DATASET EXTRACT →

*** Begin section ***

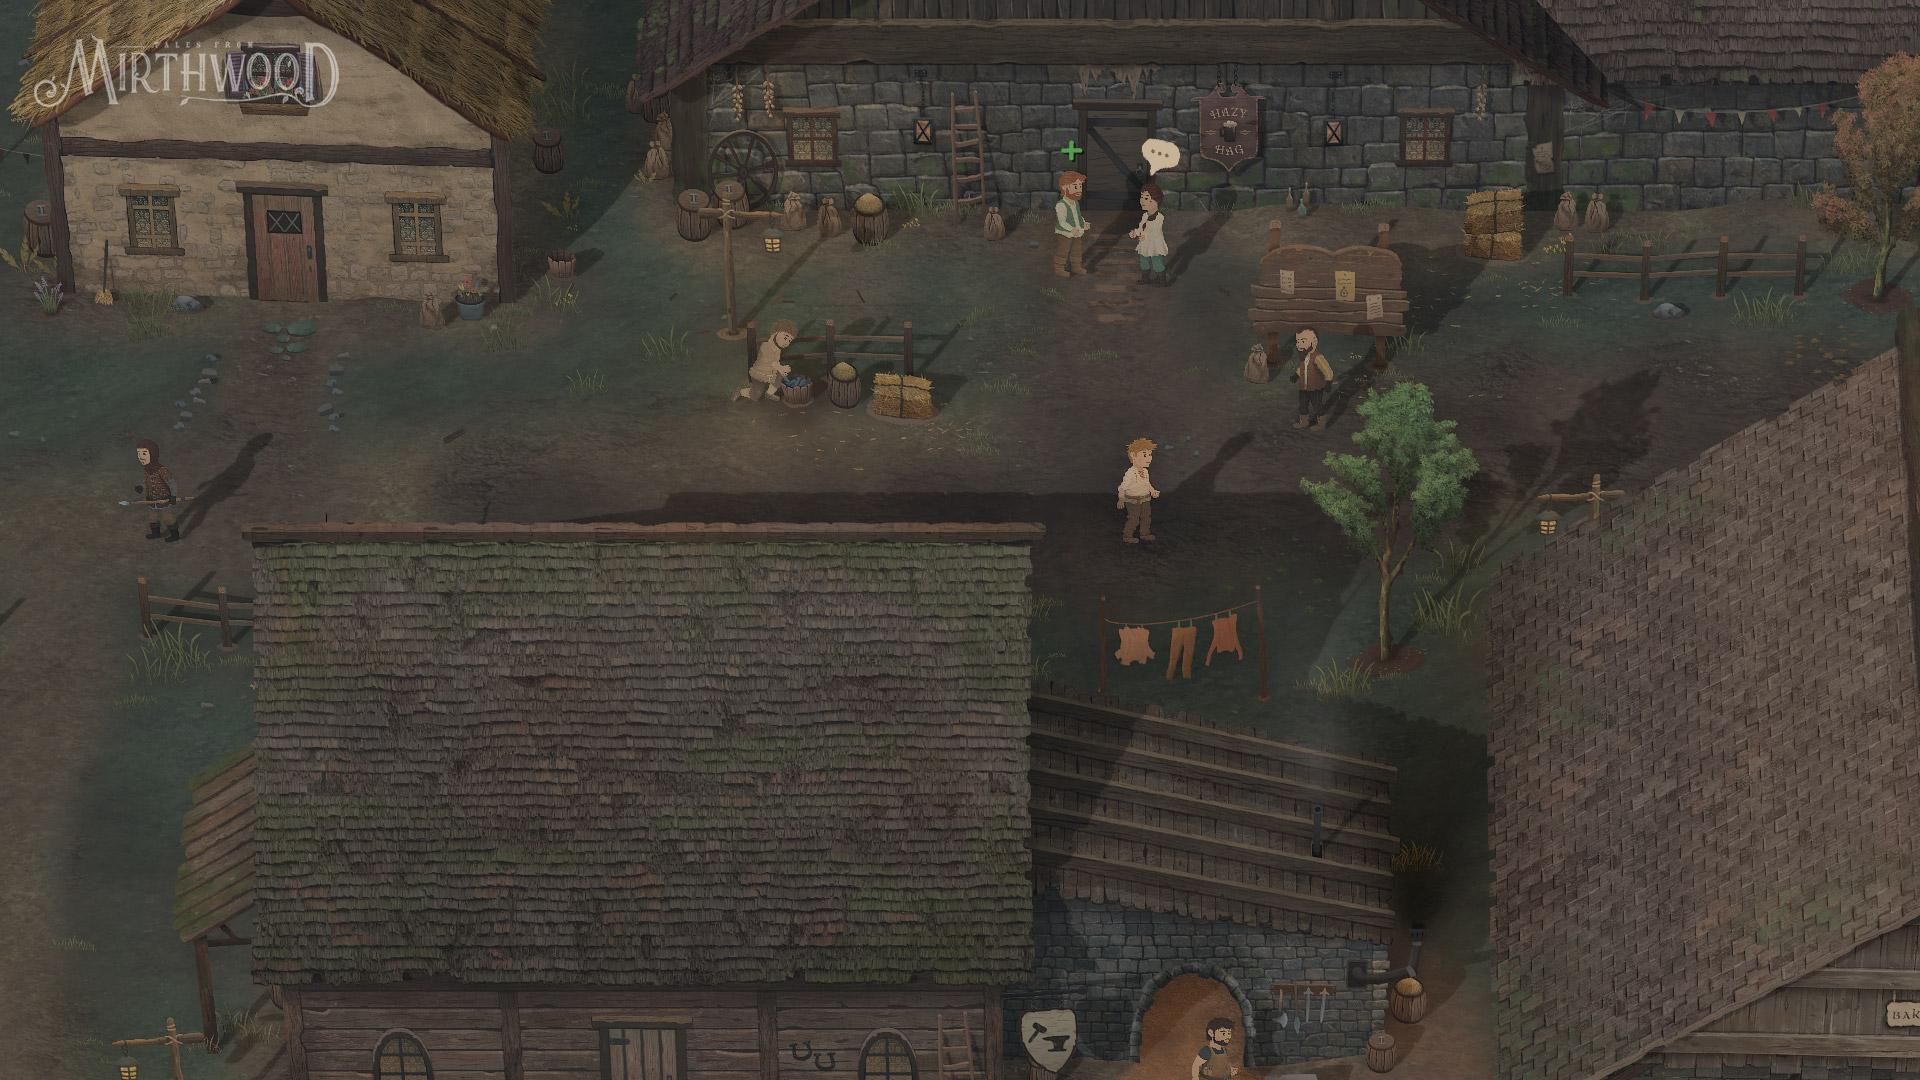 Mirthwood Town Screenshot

*** End section ***
*** Begin section ***

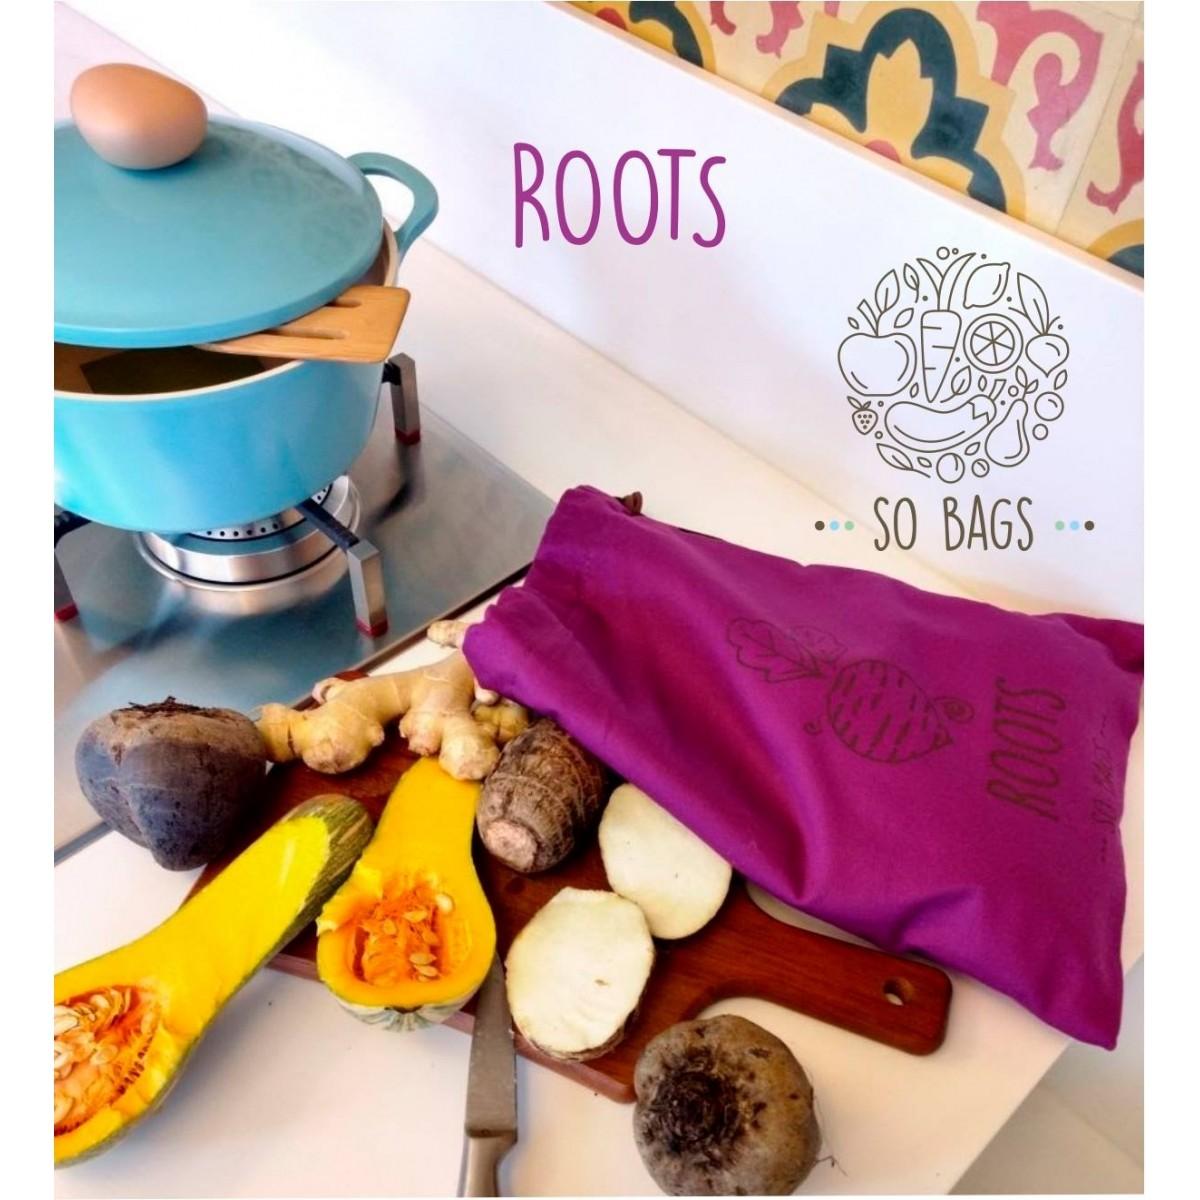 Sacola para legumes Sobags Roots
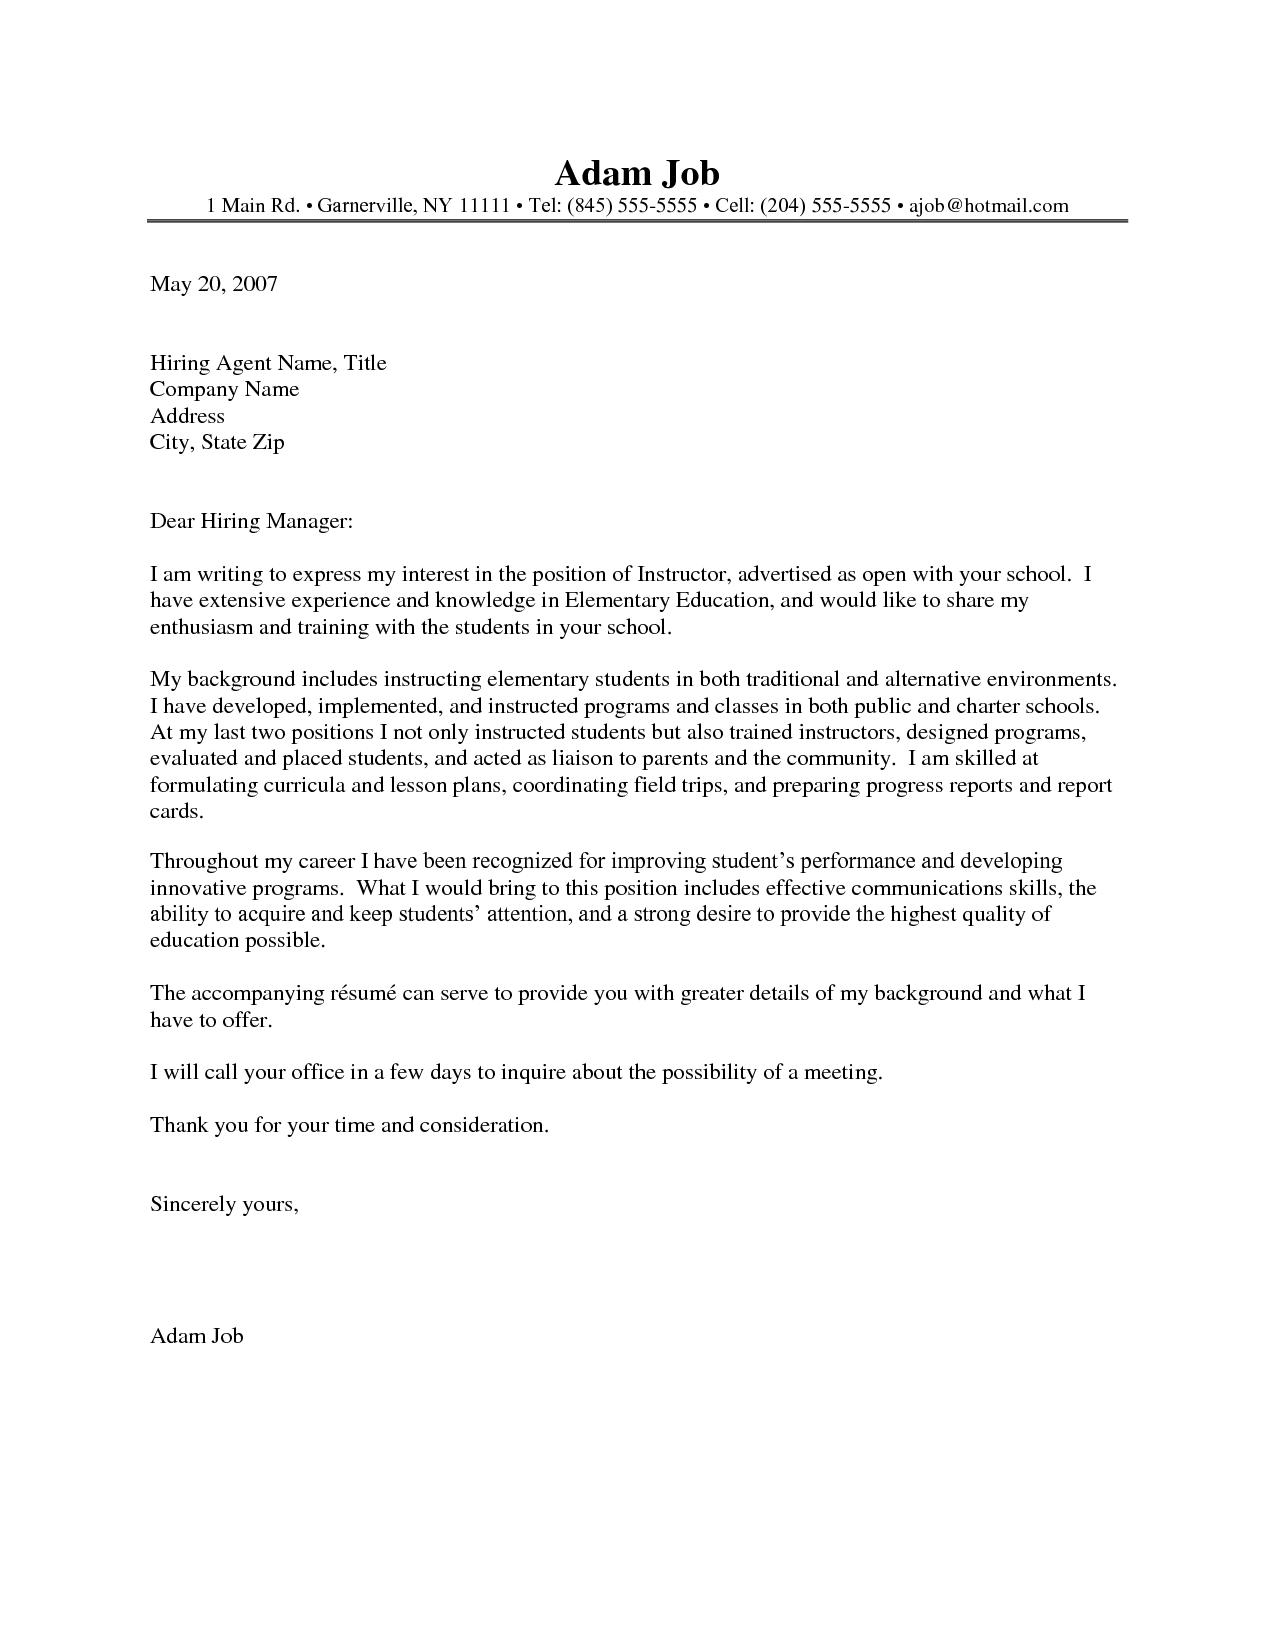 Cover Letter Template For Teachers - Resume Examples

*** End section ***
*** Begin section ***

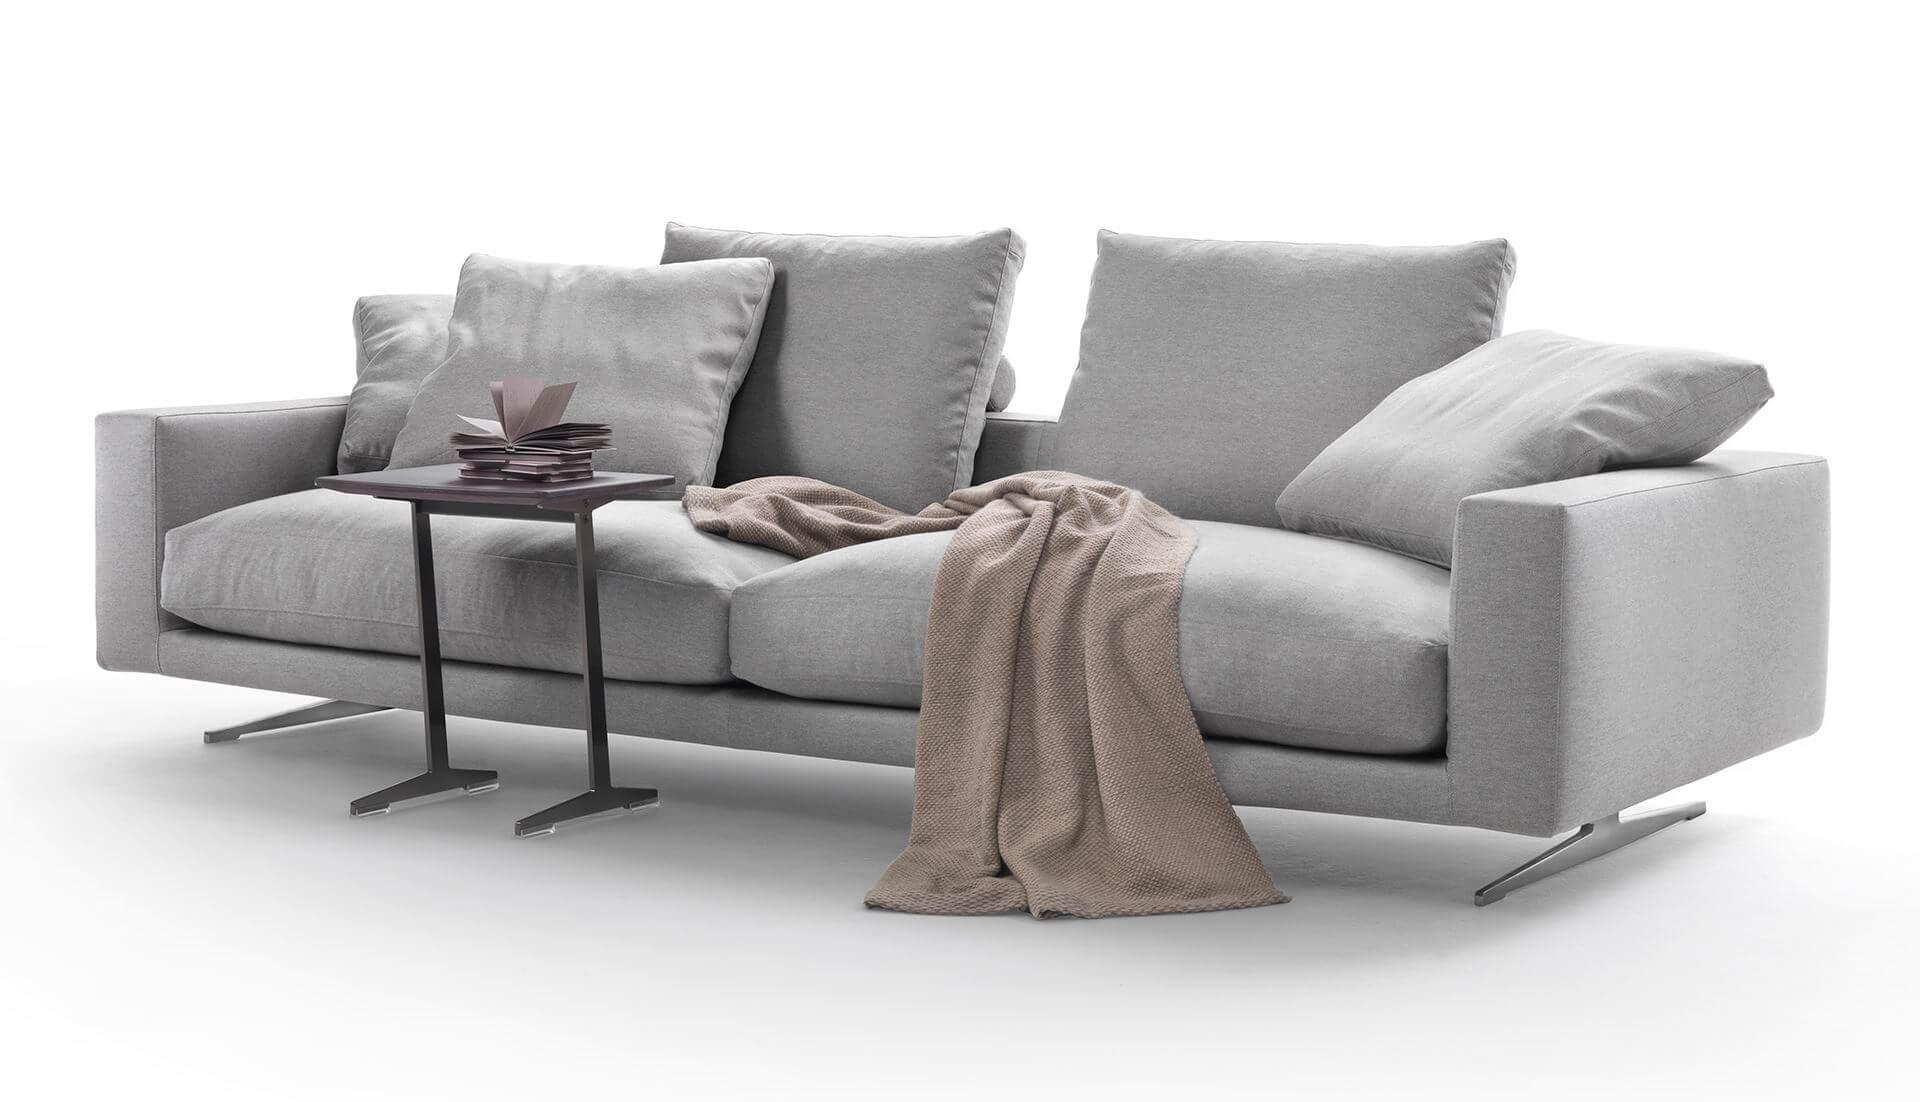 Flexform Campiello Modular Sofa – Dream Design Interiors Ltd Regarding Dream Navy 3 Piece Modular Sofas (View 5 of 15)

*** End section ***

EXERCISE AIM → Starting with the line that contains "Sacola para legumes Sobags Roots" and finishing with the line that contains "Cover Letter Template", reproduce every line of the material above exactly, but not the pictures.

SOLUTION FOR THIS TASK →
 Sacola para legumes Sobags Roots
 Cover Letter Template For Teachers - Resume Examples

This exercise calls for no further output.